Just like Mary Shelley’s Frankenstein, scientists have brought back to life pigs’ brains – four hours after death.
The “Frankenschwein” Easter ‘resurrections’ offer hope humans could one day return from ‘the other side.’
Circulation and cellular activity were restored using tubes that pumped a chemical solution replicating blood into the decapitated heads.
Billions of neurons began acting normally.
However it’s currently unclear if the technique would work on a recently deceased person, the US team said.
But it opens the door to salvaging mental powers in stroke patients – and the development of new treatments that boost recovery of neurons after brain injury.
The gruesome Frankenstein-style experiments open up a huge ethical debate.
Senior author Professor Nenad Sestan has described the results as “mind-boggling” and “unexpected” but believed the technique could work on humans.
Prof Sestan, a neuroscientist at Yale University in Connecticut, said: “The intact brain of a large mammal retains a previously underappreciated capacity for restoration of circulation and certain molecular and cellular activities multiple hours after circulatory arrest.”
His team obtained 32 pig brains from abattoirs and placed them in their system called BrainEx.
It mimics pulsating blood flow – known medically as perfusion – at normal human body temperature of 37 degrees Celsius.
Over six hours Prof Sestan and colleagues observed a reduction in the death of the brain cells.
There was also revival of some cellular functions including the firing of synapses – vital connections between neurons that transport signals.
The study suggests certain brain activities have the capacity to be restored at least partially – even a few hours after death.
It challenges long-held assumptions about the timing and irreversible nature of death, say the researchers.
There was no evidence of global network activity or full-brain function during the experiments.
But many basic cellular workings – once thought to cease seconds or minutes after oxygen and blood flow stop – were observed, reports the journal Nature.
Co-first author Dr Zvonimir Vrselja said: “At no point did we observe the kind of organised electrical activity associated with perception, awareness or consciousness.”
He explained: “Clinically defined this is not a living brain – but it’s a cellularly active brain.”
Cellular death within the brain is usually considered to be a swift and irreversible process.
Cut off from oxygen and a blood supply, electrical activity and signs of awareness disappear within seconds – while energy stores are depleted in minutes.
Current understanding maintains a cascade of injury and death molecules are then activated leading to widespread, irreversible degeneration.
But researchers in Prof Sestan’s lab who focus on brain development and evolution observed small tissue samples routinely showed signs of cellular viability.
This was even when it was harvested many hours after death. Intrigued, they used the pigs’ brains to discover how widespread this is.
Four hours after death they connected up the blood vessels to circulate a uniquely formulated solution they developed to preserve the tissue using BrainEx.
They found neural cell integrity was preserved – and certain neurons, glial cells found in the central nervous system and blood vessel cells began working.
The breakthrough will also shed light on the structure and function of the human brain – which is difficult to analyse.
This hinders rigorous investigations into topics like the roots of brain disorders as well as neuronal connectivity in both healthy and abnormal conditions.
Co-first author Stefano Daniele, a PhD candidate in Prof Sestan’s lab, said: “Previously we’ve only been able to study cells in the large mammalian brain under static or largely two-dimensional conditions utilising small tissue samples outside of their native environment.
“For the first time, we are able to investigate the large brain in three dimensions, which increases our ability to study complex cellular interactions and connectivity.”
The chemical solution used lacks many of the components natively found in human blood – such as the immune system and other cells.
This makes the experimental system significantly different from normal living conditions.

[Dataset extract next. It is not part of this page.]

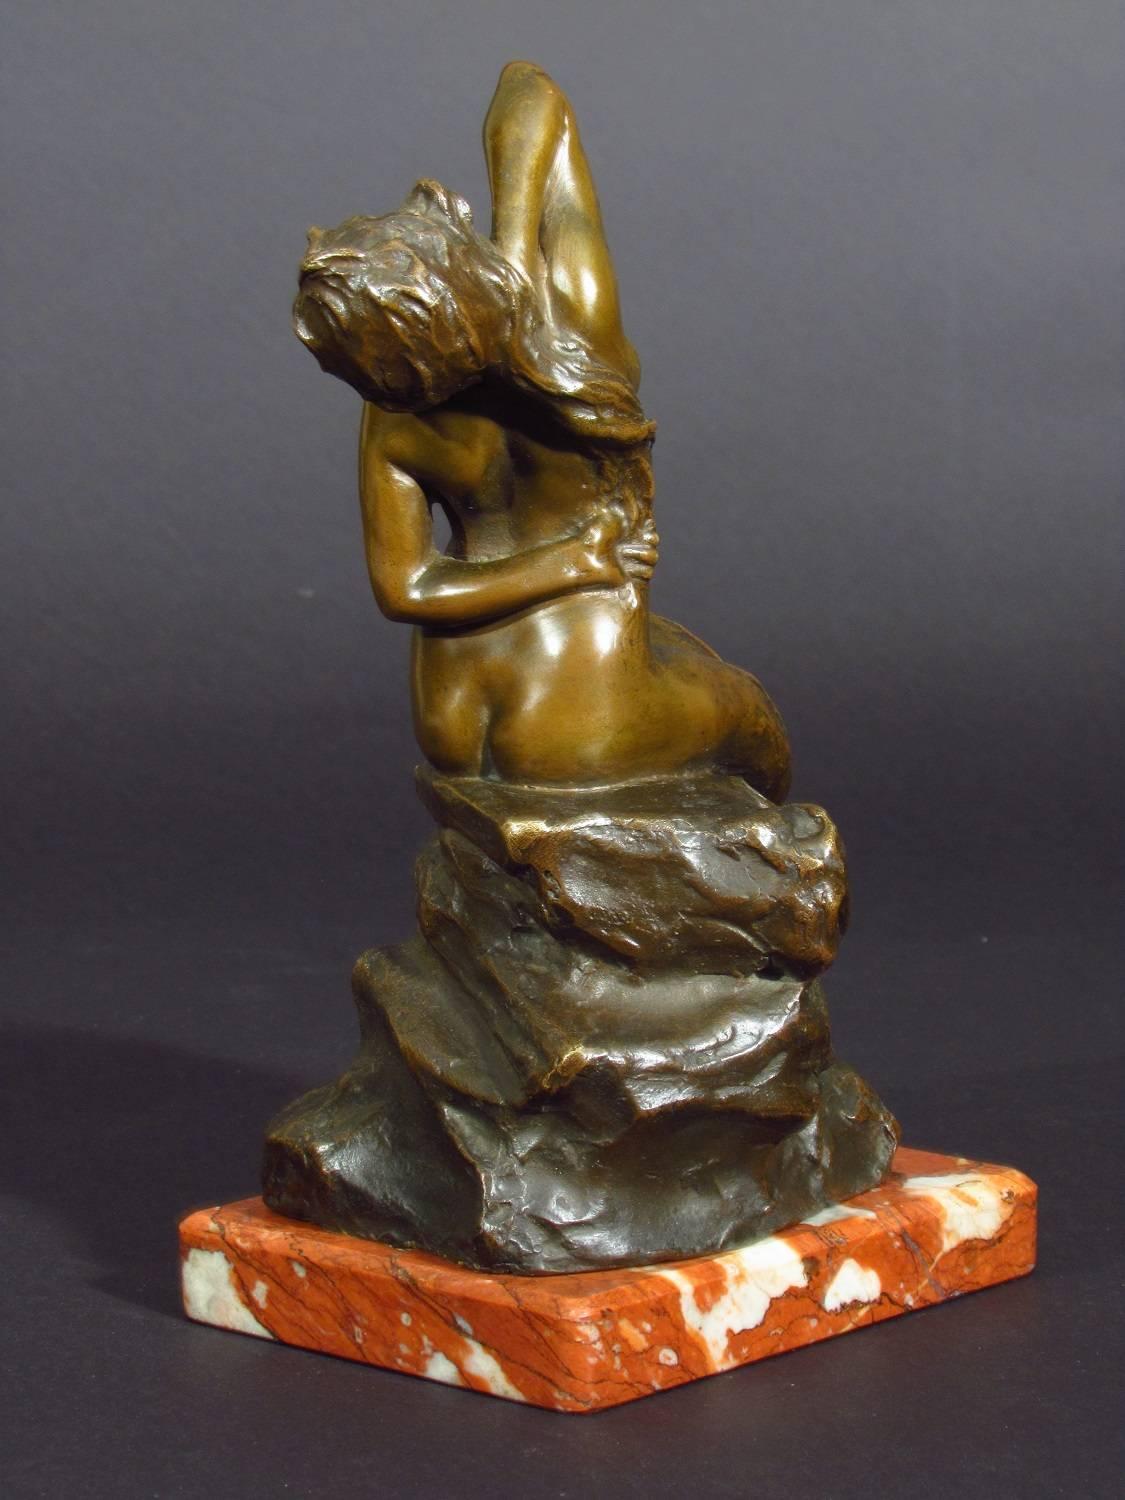 Siren by Vincenzo Bentivenga (1879-1943)

An interesting and unusual bronze sculpture of a mermaid by italian sculptor Bentivenga. Signed Bentivenga with a Art Laguna Napoli foundry inscription.

Any future study involving human tissue or possible revival of global electrical activity in postmortem animal tissue should be done under strict ethical oversight, said the researchers.
Dr Andrea Beckel-Mitchener, chief of functional neurogenomics at the National Institute of Mental Health which co-funded the study, said: “This line of research holds hope for advancing understanding and treatment of brain disorders and could lead to a whole new way of studying the postmortem human brain.”
Co-author Professor Stephen Latham, director of Yale’s Interdisciplinary Centre for Bioethics, said: “Restoration of consciousness was never a goal of this research.
“The researchers were prepared to intervene with the use of anaesthetics and temperature-reduction to stop organised global electrical activity if it were to emerge.
“Everyone agreed in advance experiments involving revived global activity couldn’t go forward without clear ethical standards and institutional oversight mechanisms.”